Muitos iranianos consideraram todo o exercício uma perda de tempo. “Não importa quem vem, quem vai e quem assume o poder – não tenho absolutamente nenhuma esperança de consertar este sistema, nem conheço uma maneira de reformá-lo através da constituição existente”, disse Alireza, um homem de 46 anos. roteirista em Teerã que pediu que seu sobrenome não fosse publicado por medo de represálias.
Vahid Ashtari, um proeminente conservador que expôs a corrupção financeira e o nepotismo entre altos funcionários iranianos e enfrentou processos judiciais, rotulou as eleições de “sarekari,” uma gíria persa para enganar ou enganar alguém. Ele disse em um comunicado no plataforma de mídia social X que fora da bolha da campanha “as pessoas estão a viver as suas vidas” e não se importam menos com qual candidato concorre sob que coligação.
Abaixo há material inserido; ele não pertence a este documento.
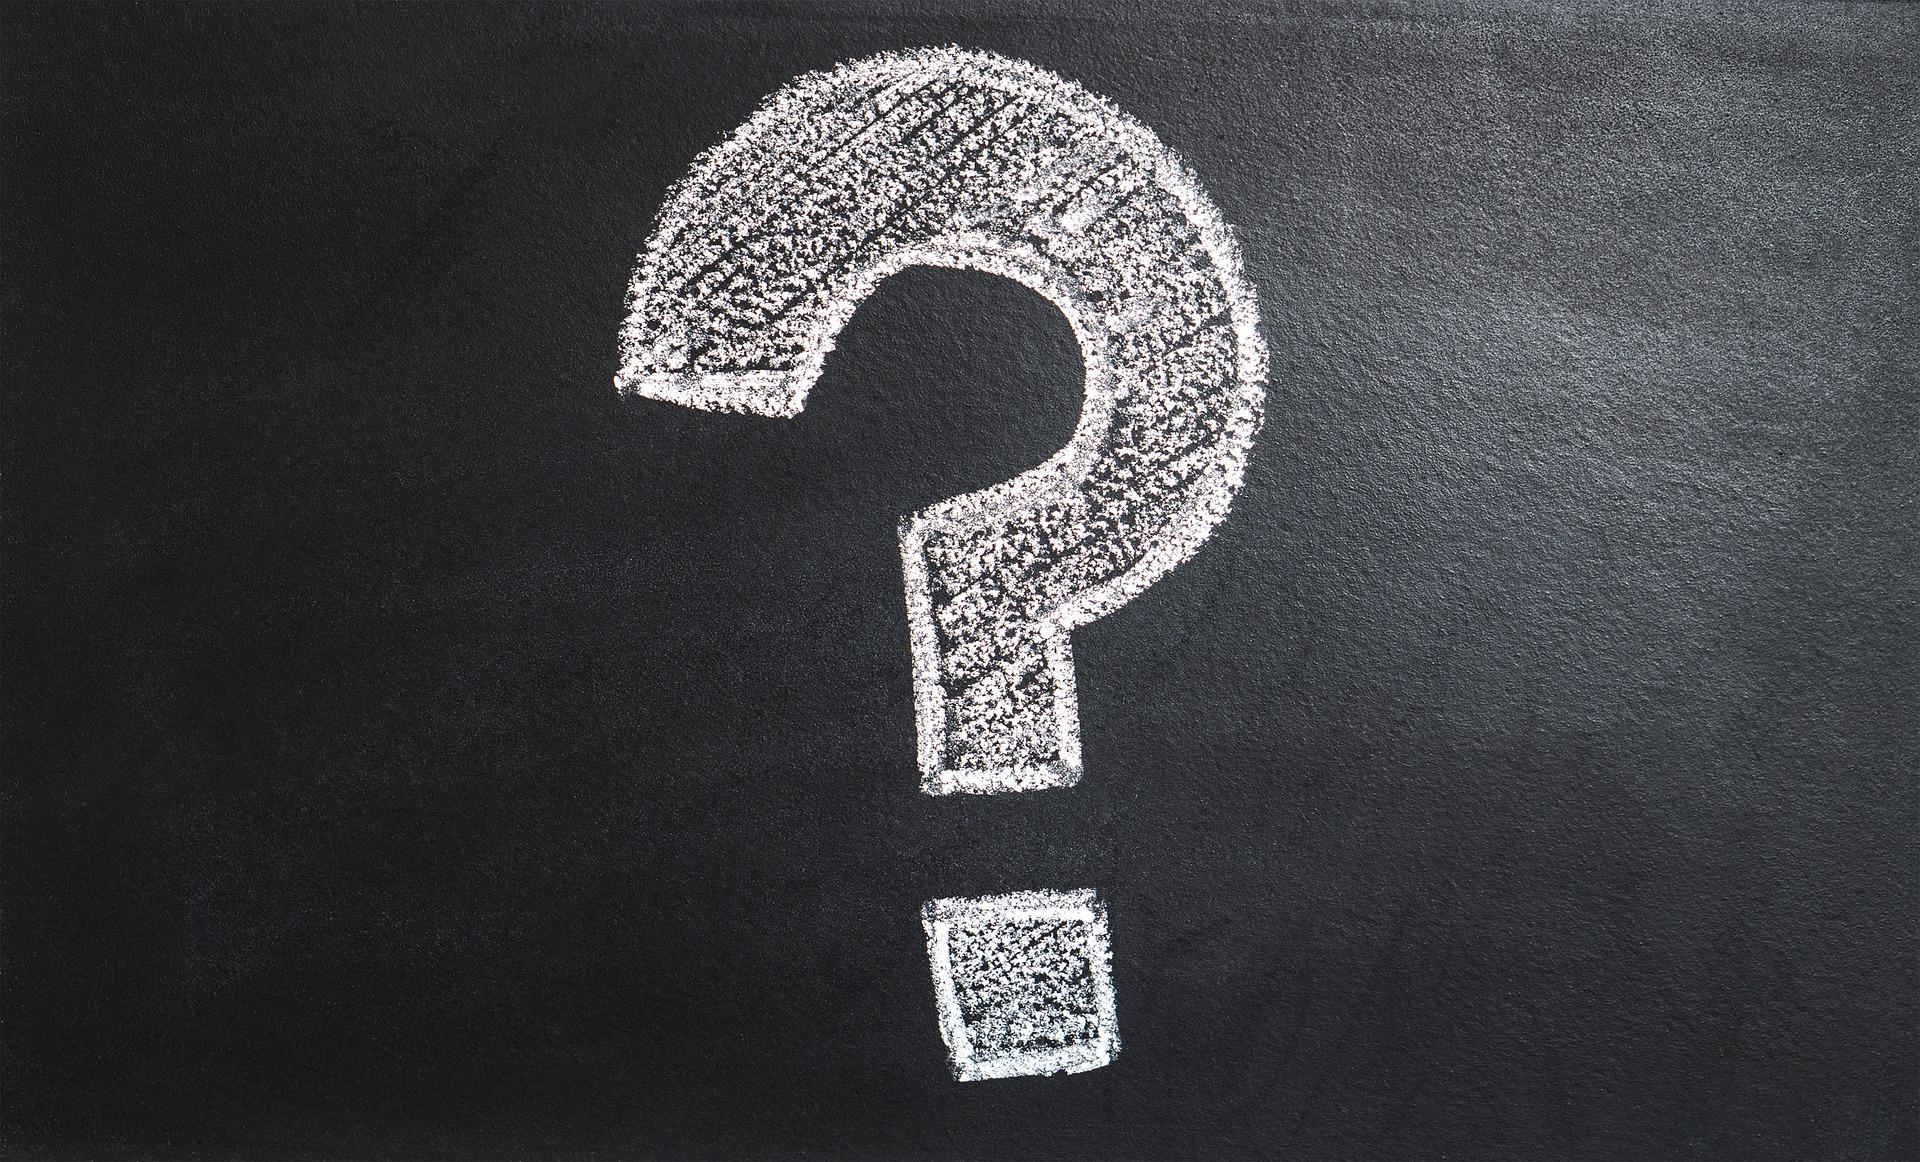 Rivoluzione del pensiero: non risposte ma domande

Os eventos de campanha pareciam atrair multidões maiores em algumas cidades mais pequenas, onde a política é mais local e os políticos são conhecidos através dos seus clãs. Em Yasuj, uma pequena cidade no sudoeste do Irã, vídeos nas redes sociais mostrou um candidato conservador participando de uma festa dançante improvisada e reunindo energicamente a multidão de homens e mulheres – uma clara violação das regras que proíbem danças públicas.
Alguns apoiantes do governo disseram que a sua decisão de votar foi um acto de desafio contra os opositores e os inimigos tradicionais do Irão, Israel e os Estados Unidos.
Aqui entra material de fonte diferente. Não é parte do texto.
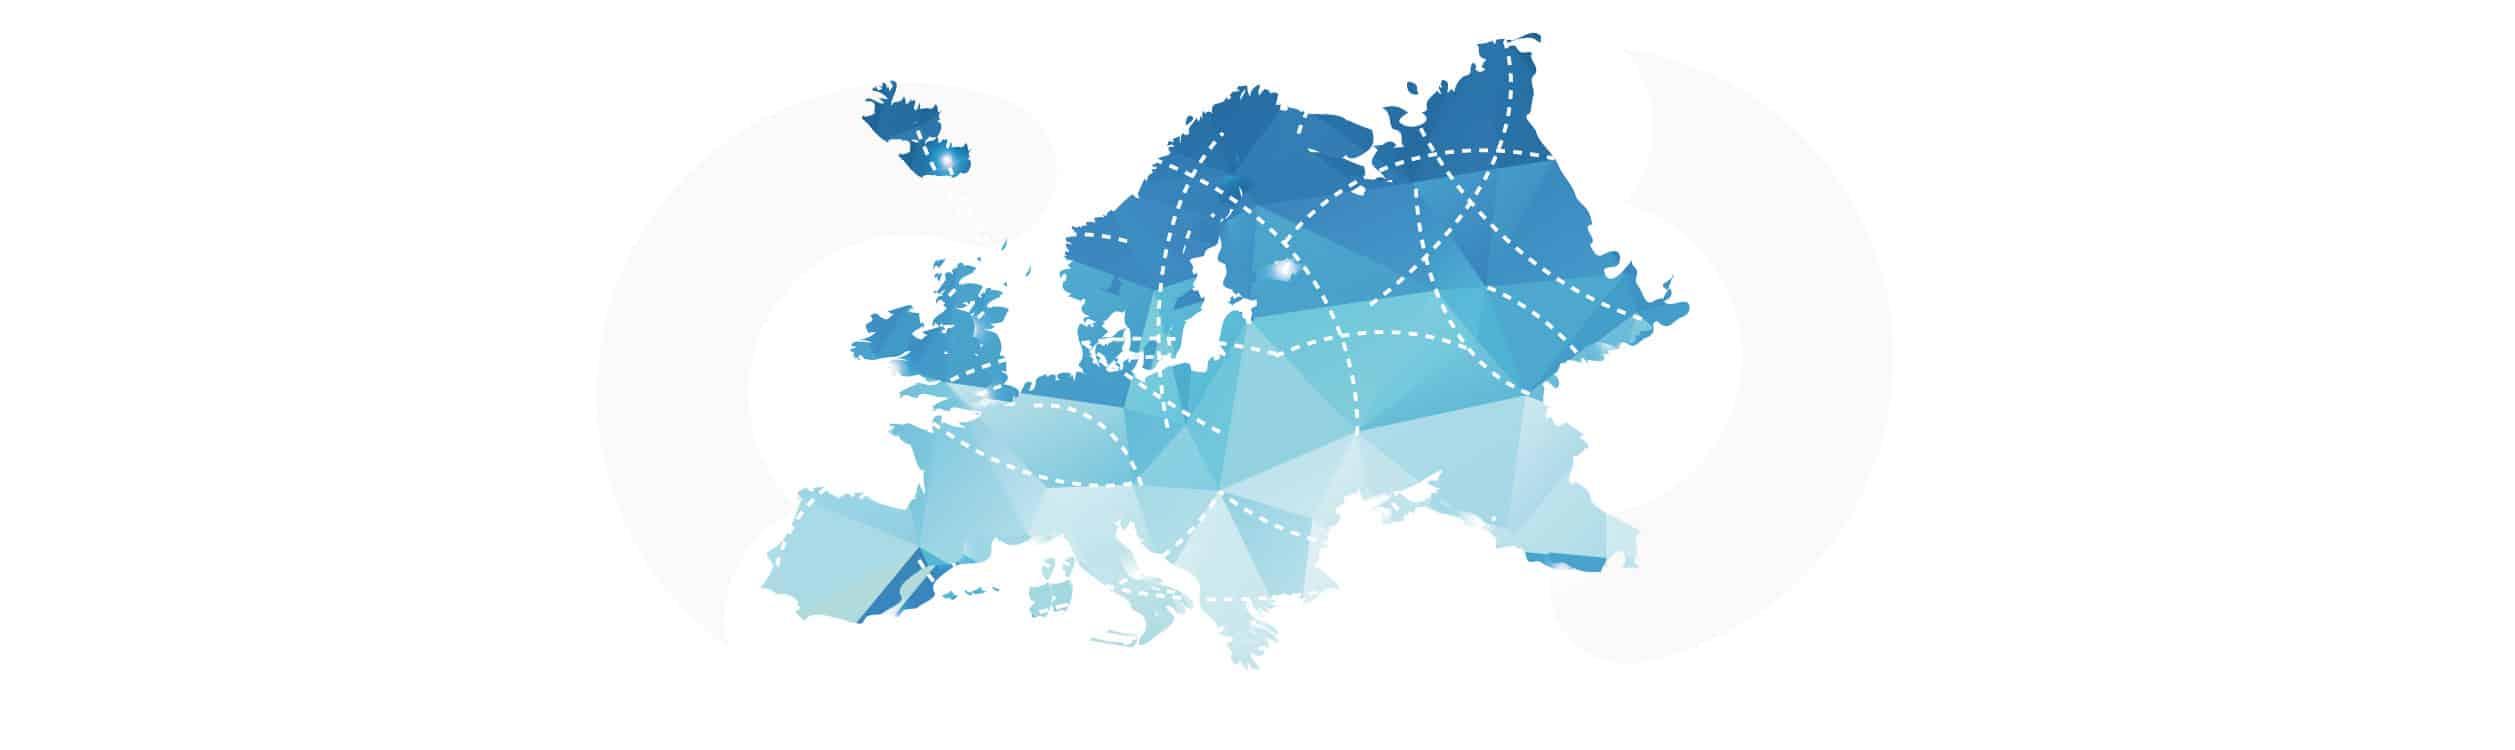 Landkarte von Europa als Illustration zum Artikel über coronavirus COVID-19 LogistiK update

“Vou votar e convidarei todos ao meu redor a votarem também”, disse Rasoul Souri, 42 anos, que trabalha numa agência governamental em Teerã, em entrevista por telefone. “Quando participarmos nas eleições, o desenvolvimento do nosso país irá decepcionar os nossos inimigos.”
Analistas dizem que os esforços do Irã para evitar a guerra durante as atuais tensões na região estão ligados à sua dinâmica interna. Khamenei, disseram, não quer arriscar confrontos externos que possam desestabilizar o Irão a nível interno, num momento politicamente sensível, especialmente quando a questão da sua sucessão e, por defeito, do futuro da República Islâmica, está a ser discutida discretamente.
A eleição para a Assembleia de Peritos poderá revelar-se importante, dado o seu papel na nomeação do próximo líder supremo. Mas um processo de verificação que desqualificou o antigo presidente reformista, Hassan Rouhani, de procurar a reeleição para um cargo que ocupou durante mais de duas décadas indicou aos analistas que o sucessor de Khamenei será um conservador.
“Tendo em conta o que está em jogo, não haverá margem de erro para a elite governante do Irão”, disse Nader Hashemi, professor de política do Médio Oriente na Universidade de Georgetown. “Gerenciar esta eleição para garantir uma assembleia leal será uma prioridade de segurança nacional para a República Islâmica.”
Leily Nikounazar contribuiu com reportagens da Bélgica.